WHAT IS NEEDED:
An exact copy is required of the lines running from the one that contains "Unique Aurora Borealis" to the end of the material, both ends included, with pictures omitted.

SUPPLIED INFORMATION:

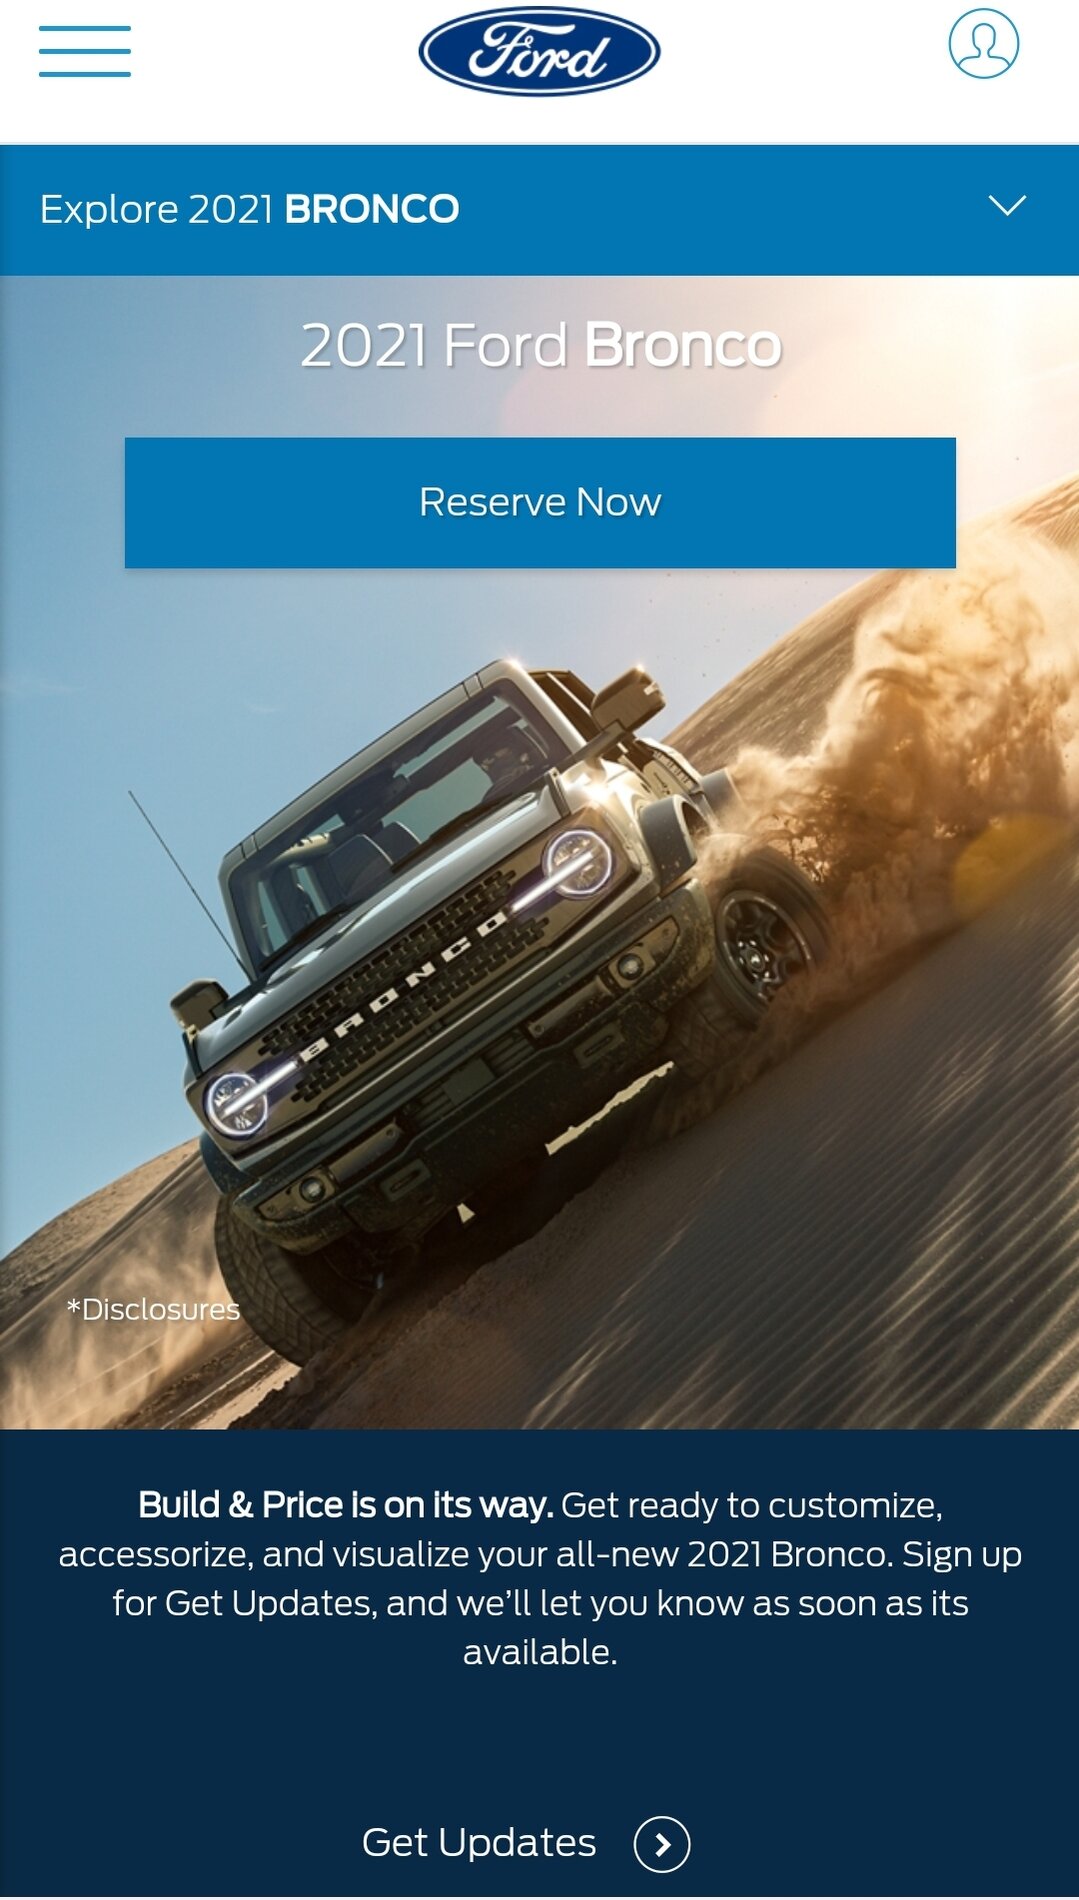 Ford Bronco Interesting Thought on Release, B&P, and Launch/Production Screenshot_20200910-140201_Facebook
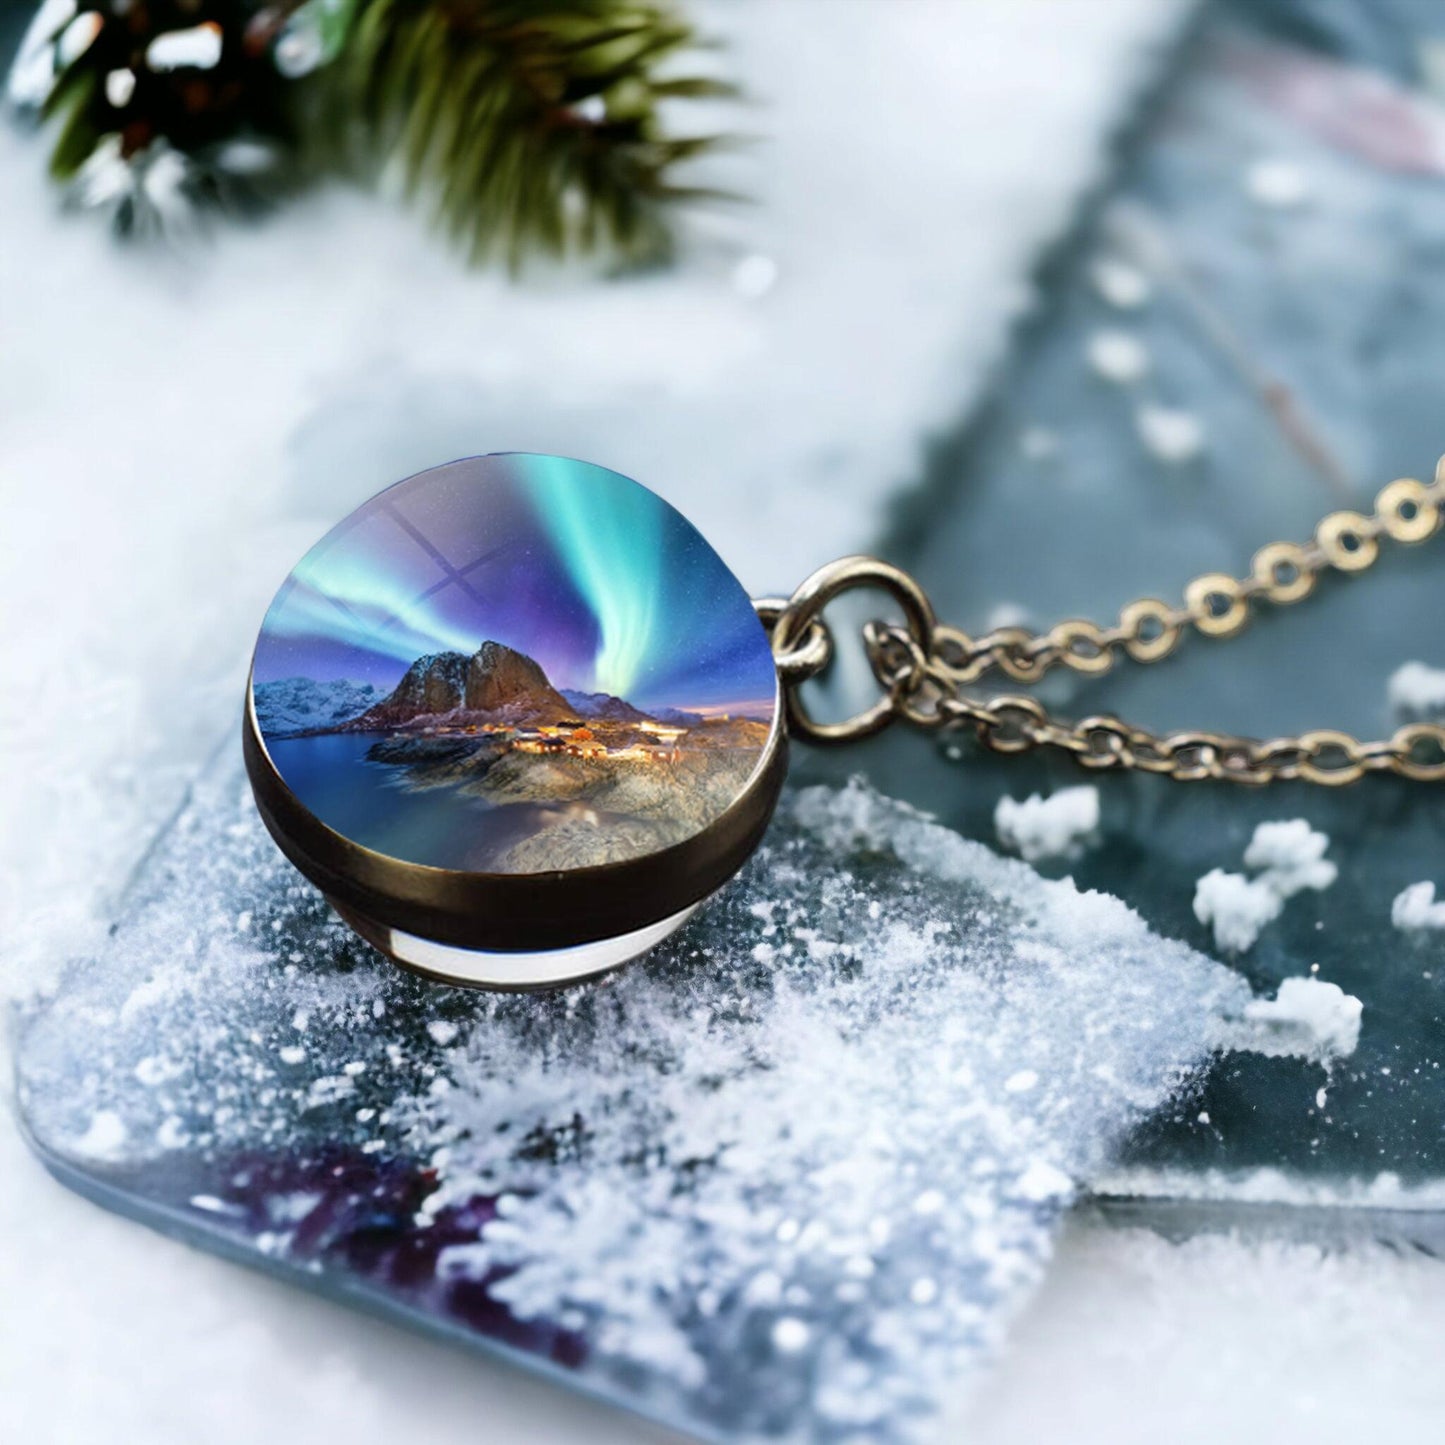 Unique Aurora Borealis Silver Necklace - Northern Light Jewelry - Double Side Glass Ball Pendent Necklace - Perfect Aurora Lovers Gift 12
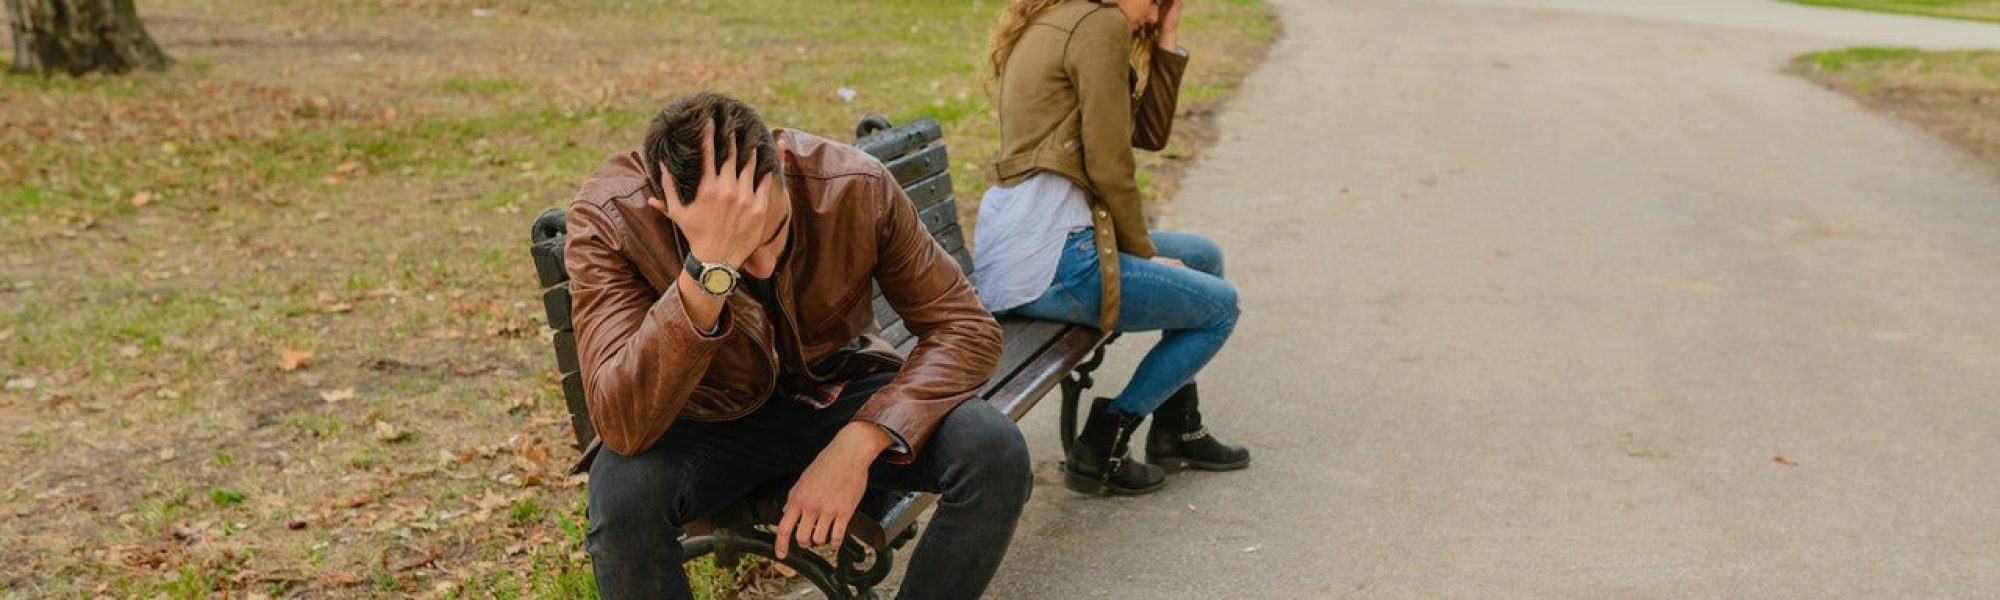 couple on park bench breaking up

ANSWER SPACE:
 Unique Aurora Borealis Silver Necklace - Northern Light Jewelry - Double Side Glass Ball Pendent Necklace - Perfect Aurora Lovers Gift 12
 couple on park bench breaking up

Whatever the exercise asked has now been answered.